Purpose of the Study:
- To develop a machine learning (ML) model to aid in brain death diagnosis using EEG suppression ratio (SR).
- To improve the speed and accuracy of brain death diagnosis.
- To potentially reduce delays in organ transplantation.
Main Methods:
- Analyzed EEG data from 180 patients (81 brain death, 99 unresponsive wakefulness syndrome).
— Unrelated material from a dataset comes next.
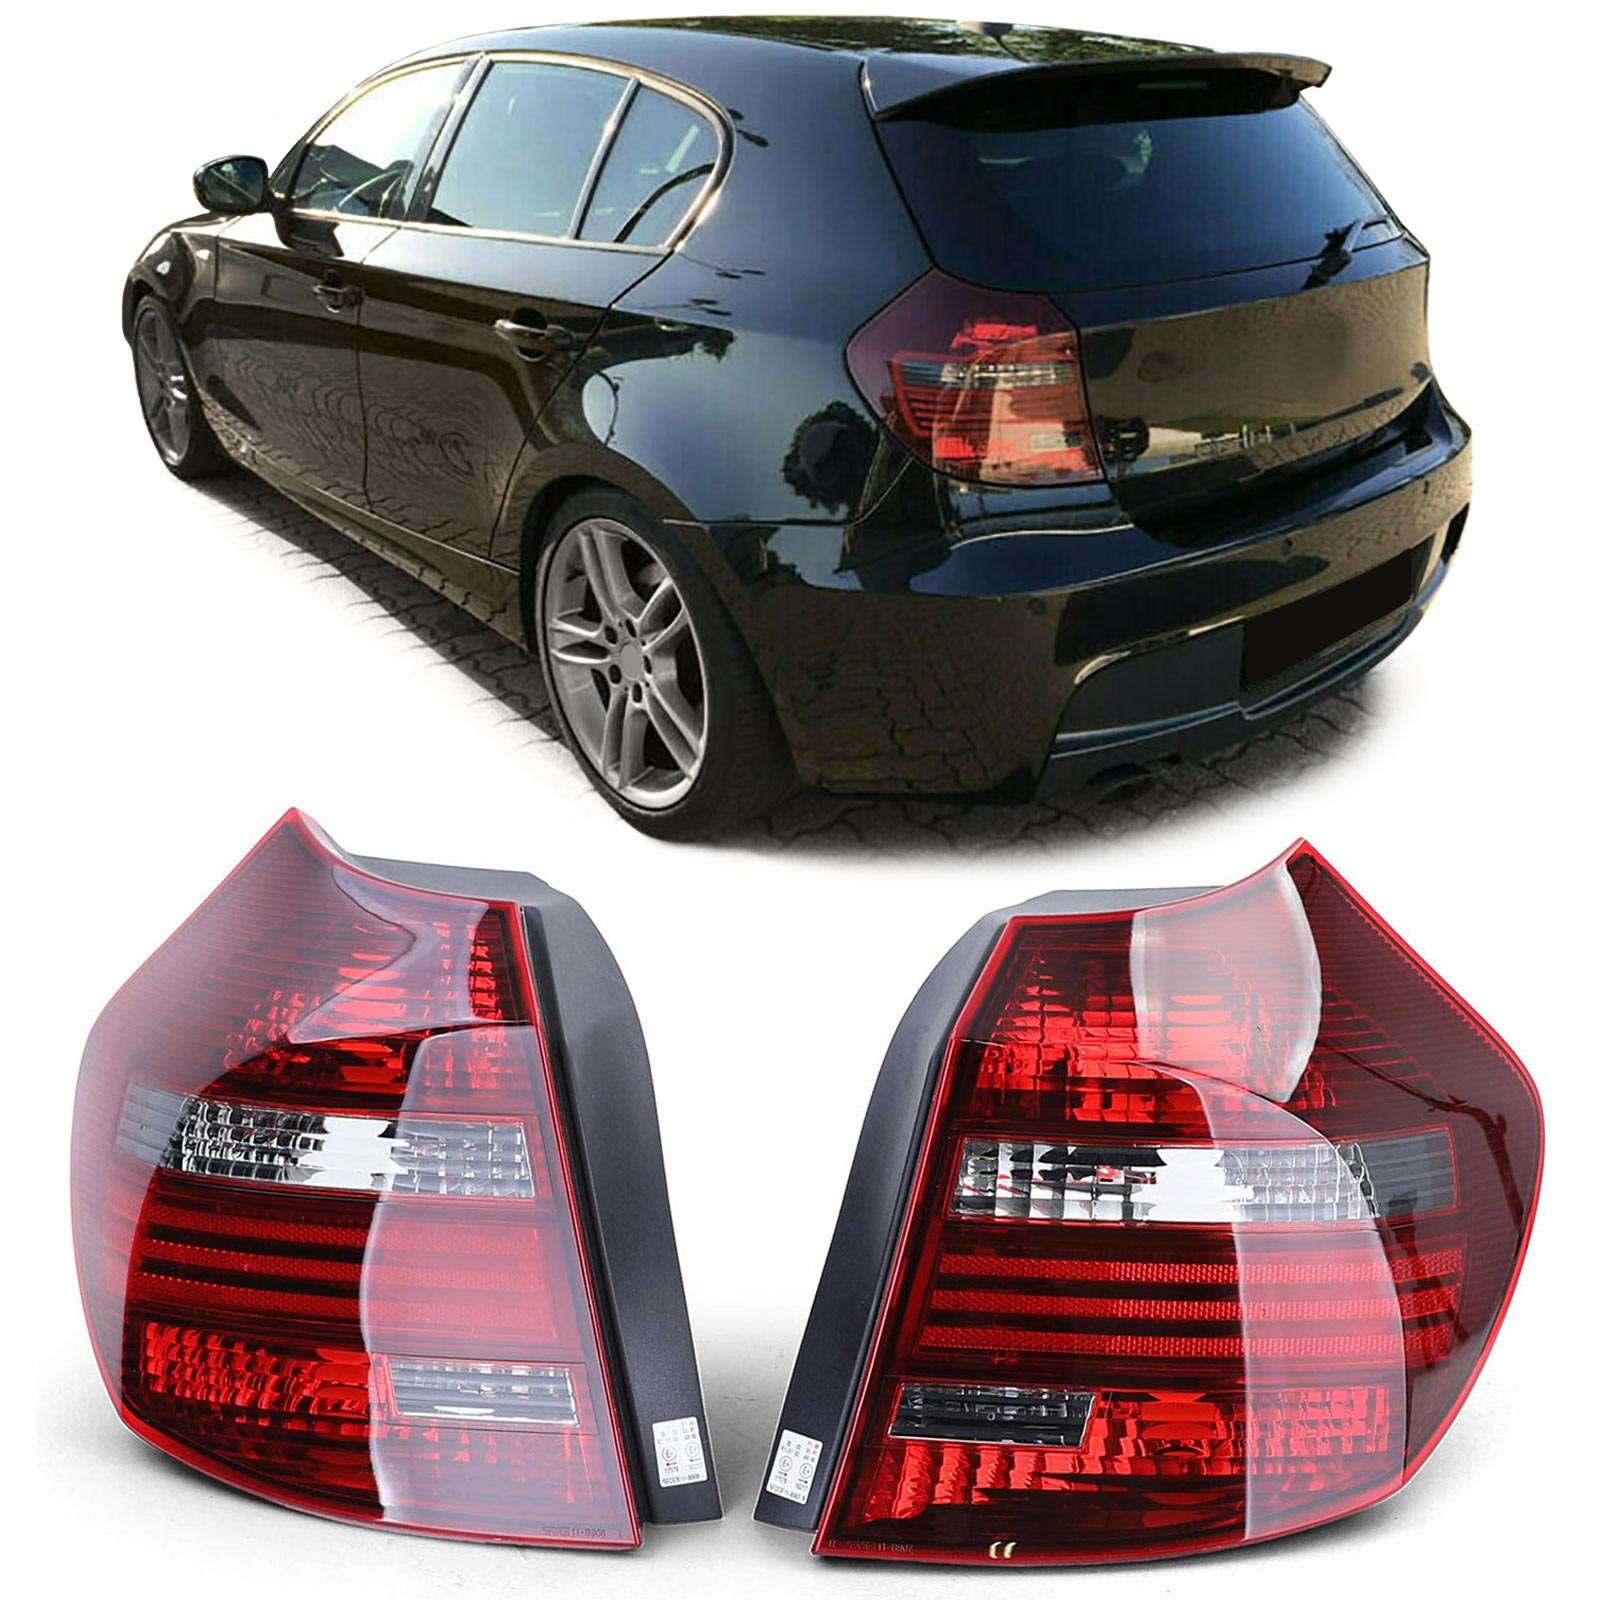 LED Kofferraum Beleuchtung für BMW 1er E81, E87, F20, F21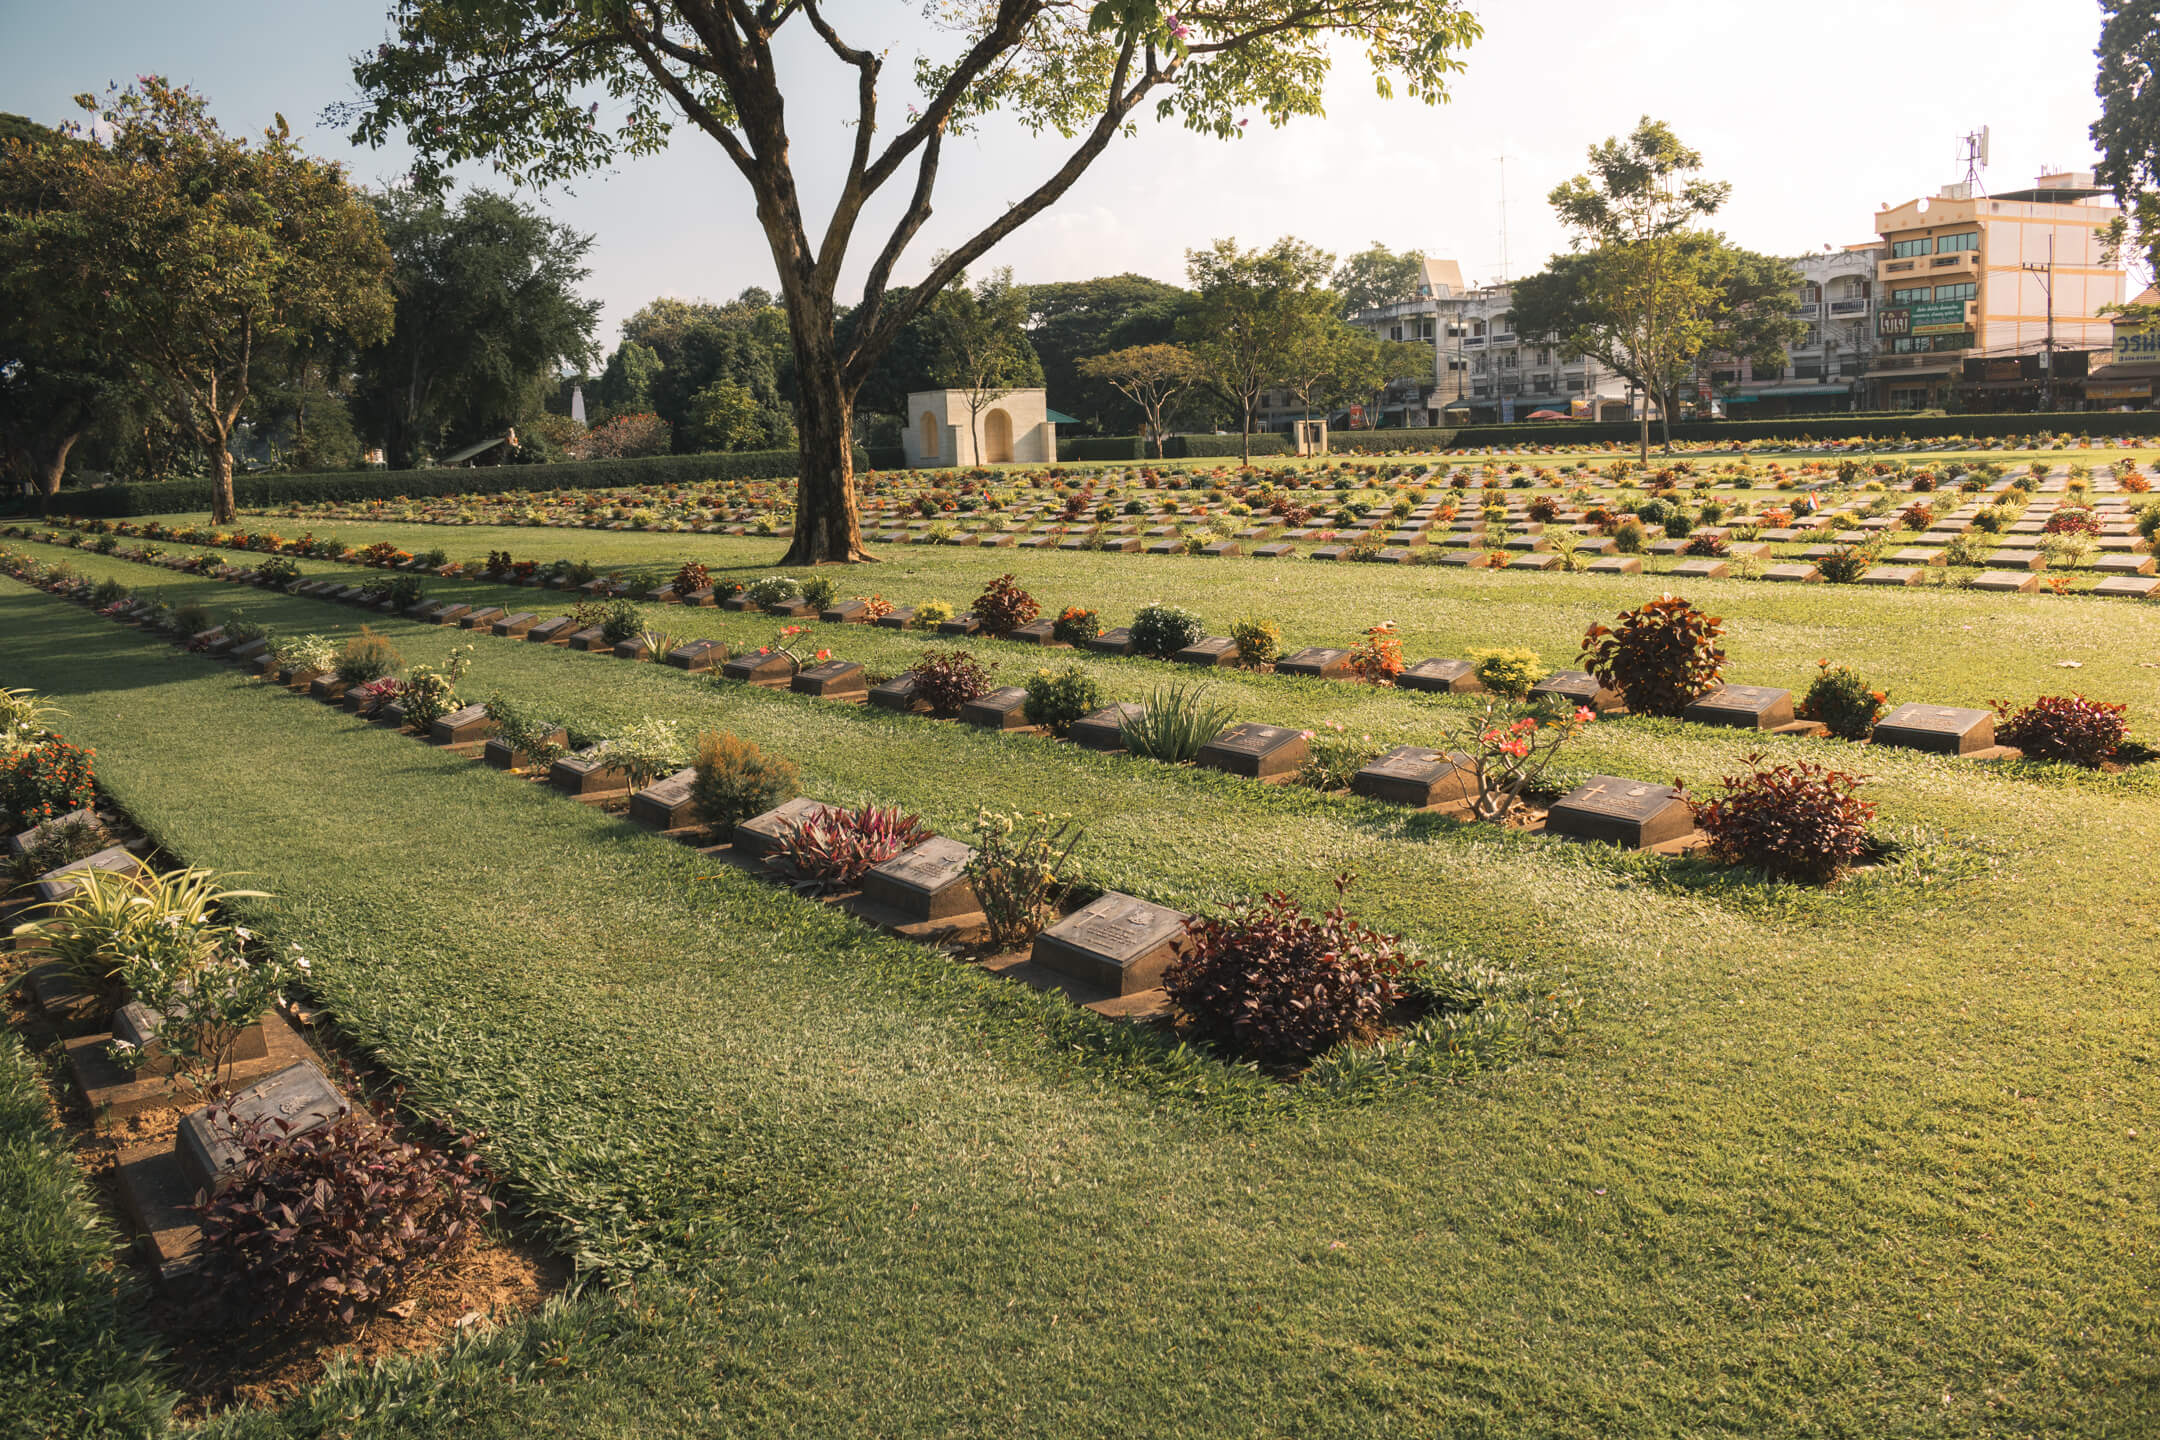 War cemetery and memorial in Kanchanaburi, Thailand

- Calculated suppression ratio (SR) using Persyst® v13 software, defining suppression as <3μv amplitude lasting ≥0.5 seconds.
- Applied supervised ML models, including Quadratic Discriminant Analysis (QDA), to predict brain death using SR, with a 70/30 training/test split.
Main Results:
- The QDA model achieved the highest performance in predicting brain death, with an Area Under the Curve (AUC) of 0.9806 ± 0.02.
- A cutoff SR value of >74.76% was identified as the maximum SR index for brain death.
- QDA demonstrated superior accuracy (0.9120 ± 0.05), precision (0.9304 ± 0.04), recall (0.9120 ± 0.05), and F1-score (0.9101 ± 0.05).
Conclusions:
- A machine learning model, specifically QDA, can effectively support brain death diagnosis using EEG SR.
- This ML-driven approach may prevent diagnostic delays, thereby expediting organ transplantation.
- The developed model shows high potential for clinical application in brain death determination.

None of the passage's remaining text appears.